The Vienna pensioner - identified only by her first name, Gertrude - warned that Norbert Hofer's far-right Freedom Party (FPOe) was designed to "bring out the worst in people" and labeled it a throwback to the anti-Semitic rhetoric and policies unleashed by the Nazis during the 1930s.
"The thing that bothers me the most is the denigration of others, the attempt to bring out people's most base feelings instead of their decency," the 89-year-old said in the video. "I have seen this once before... and it hurts and scares me".
The video was published on social media late last week by the Green party candidate and Hofer's election rival, Alexander Van der Bellen. By Monday, it had already garnered 3 million views and thousands of comments.
Gertrude was only 16 when she and her family were deported to the Auschwitz death camp. She was the only one from her family to return.
The video has resonated with young people in particular, a demographic Gertrude directly appeals to in the video. She said young voters should ask themseleves when voting, "what could happen if this candidate were to win?"
"This is probably my last election... But young people have their whole lives in front of them and they need to make sure that they're doing well," she said.
FPOe's civil war rhetoric
Most shocking of all, Gertrude said, were remarks made by FPOe leader Heinz-Christian Strache, in which he warned that migrants in Austria could spark a civil war.
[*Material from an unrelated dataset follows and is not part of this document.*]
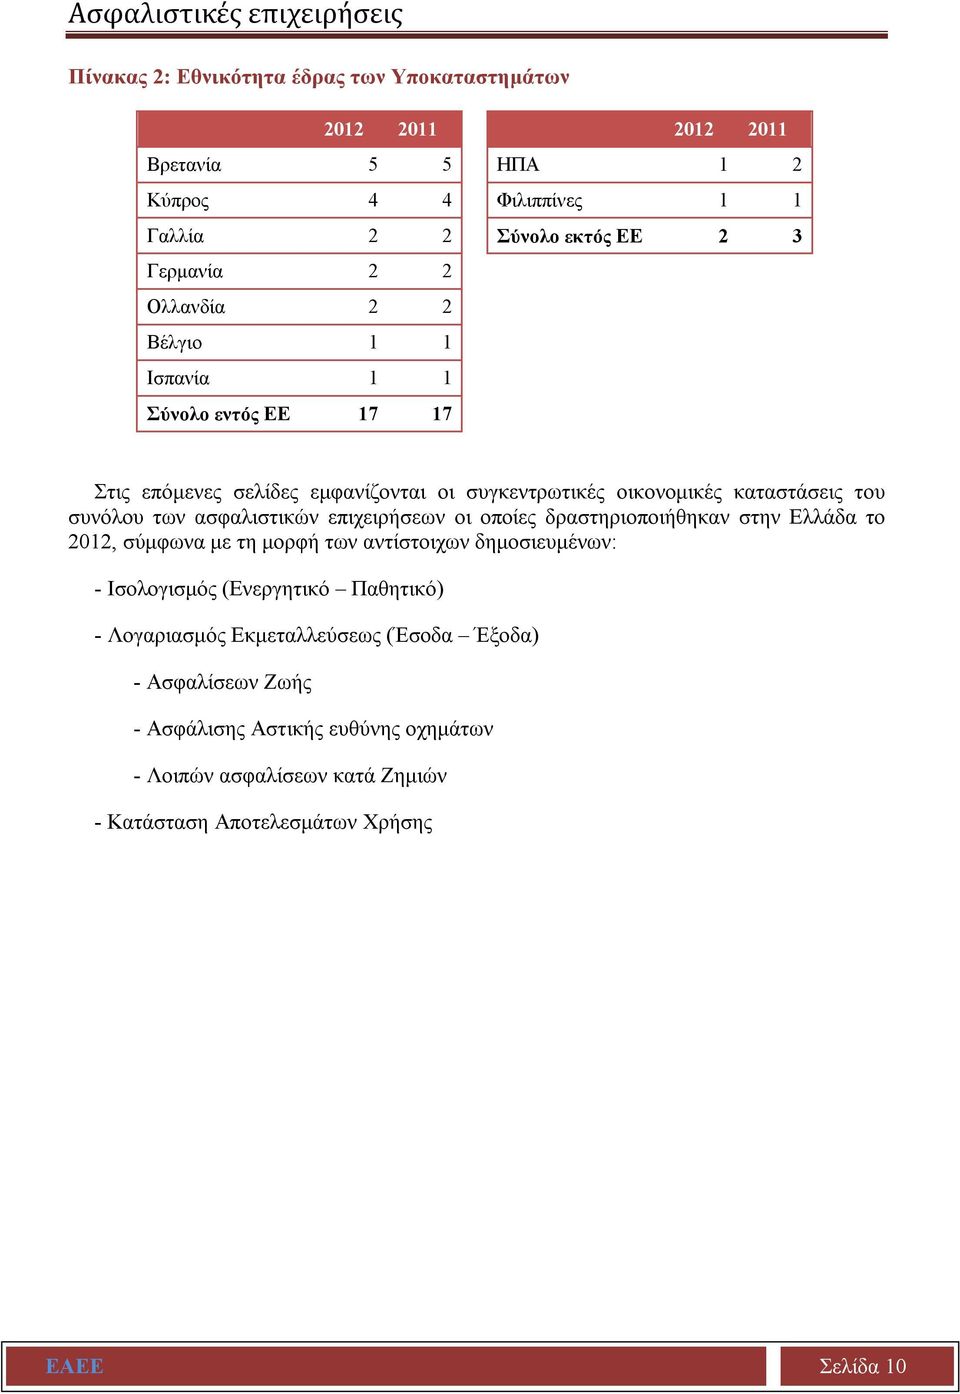 ασφαλιστικών επιχειρήσεων οι οποίες δραστηριοποιήθηκαν στην Ελλάδα το 2012, σύμφωνα με τη μορφή των αντίστοιχων δημοσιευμένων: - Ισολογισμός (Ενεργητικό Παθητικό) -

"I have witnessed a civil war as a seven-year-old and have never forgotten it. That's when I saw my first dead bodies, and unfortunately not the last ones," she said, likely referring to the Austria's 1934 February uprising, a four-day armed conflict that saw several hundred citizens killed.
Austria goes to polls... again
Sunday's election stand-off between Hofer and Van der Bellen is too close to call and comes in the wake of populist successes enjoyed by Donald Trump in the US presidential election and Britain's vote to leave the European Union. Like his populist counterparts, Hofer has gained popular support by stoking concerns over immigration and hounding what he portrays as an out-of-touch elite class.
Should Hofer win, he will become the EU's first far-right head of state.
Van der Bellen narrowly beat his opponent in May by 30,863 votes, before the FPOe successfully got the electoral results overturned over procedural errors. The second re-run was also overturned due to faulty postal envelopes.
FPOe, which was founded by a former general in the Nazi SS in 1955, is also being tipped to win the next Austrian general election, scheduled for 2018.
Responding to her new-found popularity, Gertrude said that she was "pleasantly surprised that the words of an old lady had been taken seriously."